PgDoorman
A multi-threaded PostgreSQL connection pooler written in Rust. Drop-in replacement for PgBouncer and Odyssey, and an alternative to PgCat. Three years in production at Ozon under Go (pgx), .NET (Npgsql), Python (asyncpg, SQLAlchemy), and Node.js workloads.
Get PgDoorman 3.10.6 · Comparison · Benchmarks
Headline features
A diagnostic console embedded in the pg_doorman binary, served on the same port as /metrics. It gives operators the incident view that /metrics and the psql admin console expose only in pieces: pool saturation, latency percentiles, SQLSTATE breakdowns, long-running queries, prepared-cache and query-interner state, process memory, cgroup limits, per-worker CPU, and a live log tail.

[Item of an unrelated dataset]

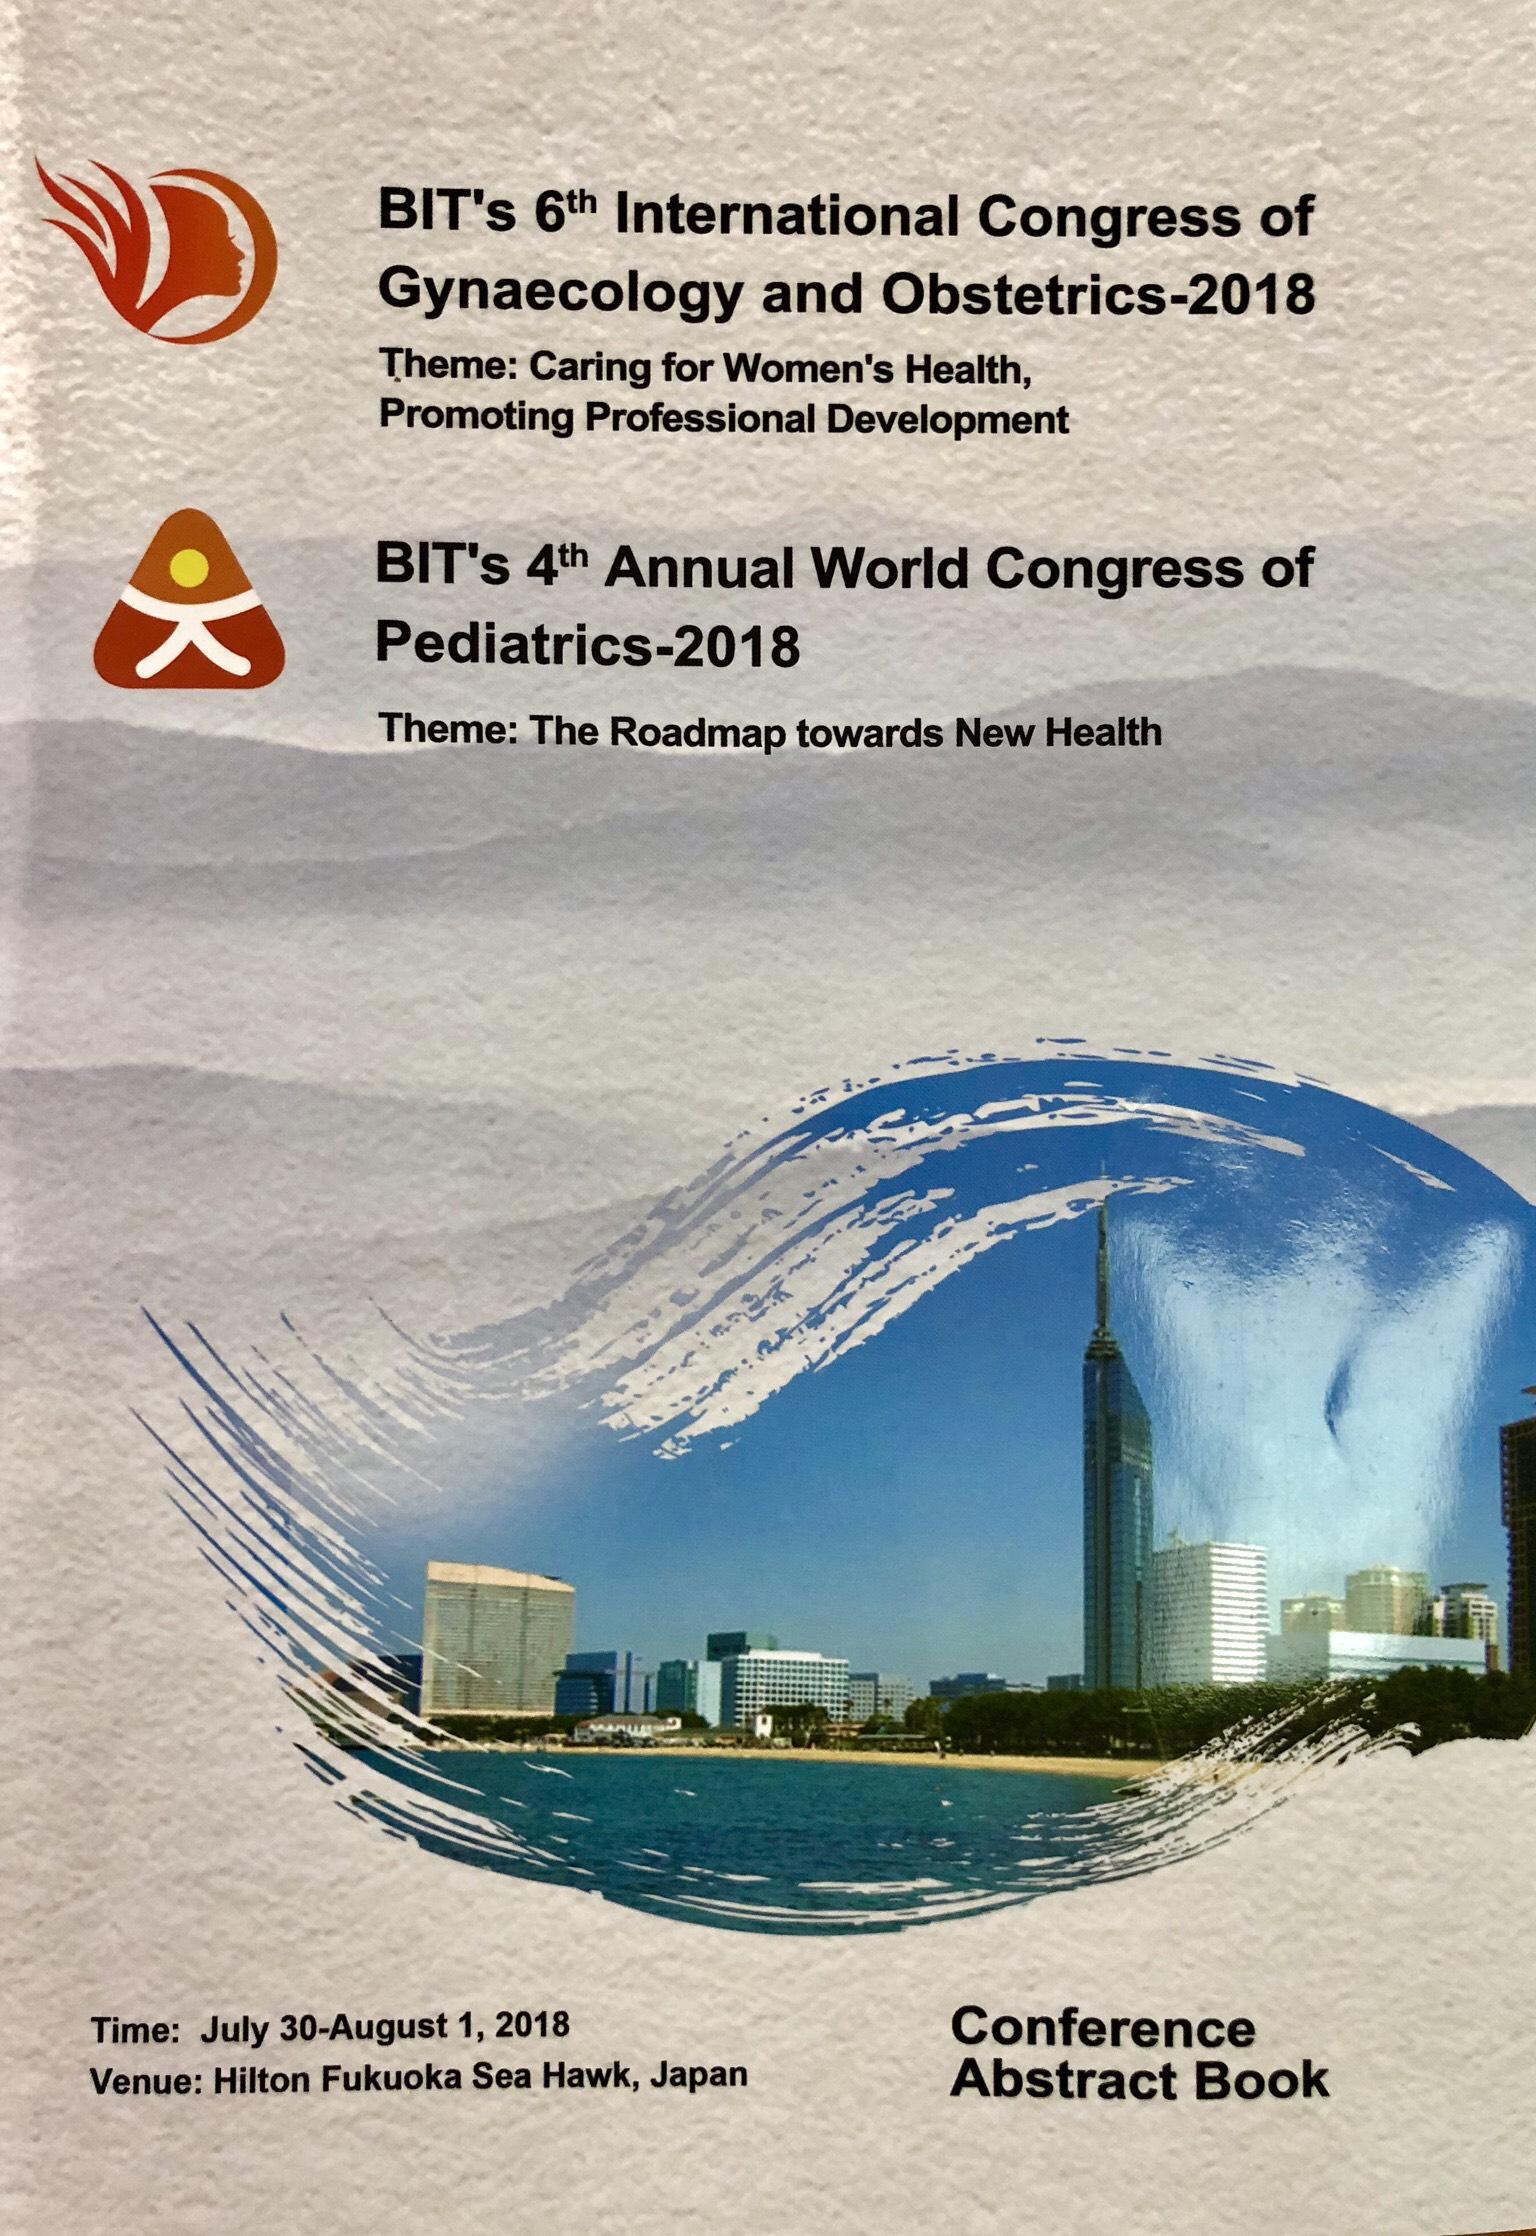 VI Международный Конгресс по Гинекологии и Акушерству (ICGO 2018) IMG 0929

The console is for live diagnosis, not a replacement for long-term Prometheus/Grafana monitoring.
Pause / Resume / Reconnect / Reload act from the same page, scoped per pool or globally. Read-only otherwise. The console activates only when [web].ui = true and general.admin_password is non-default; a fresh install with the placeholder password keeps the listener at /metrics only and logs a WARN.
PgDoorman caps total backend connections per database. When max_db_connections is reached, the coordinator evicts an idle connection from the user with the most spare capacity, ranking candidates by p95 transaction time so the slowest pools yield first. A reserve pool absorbs short bursts; per-user min_guaranteed_pool_size keeps critical workloads off the eviction list.
PgBouncer's max_db_connections has no eviction or fairness — when the cap is reached, clients queue until existing connections close on their own idle timeout. Odyssey has no equivalent setting.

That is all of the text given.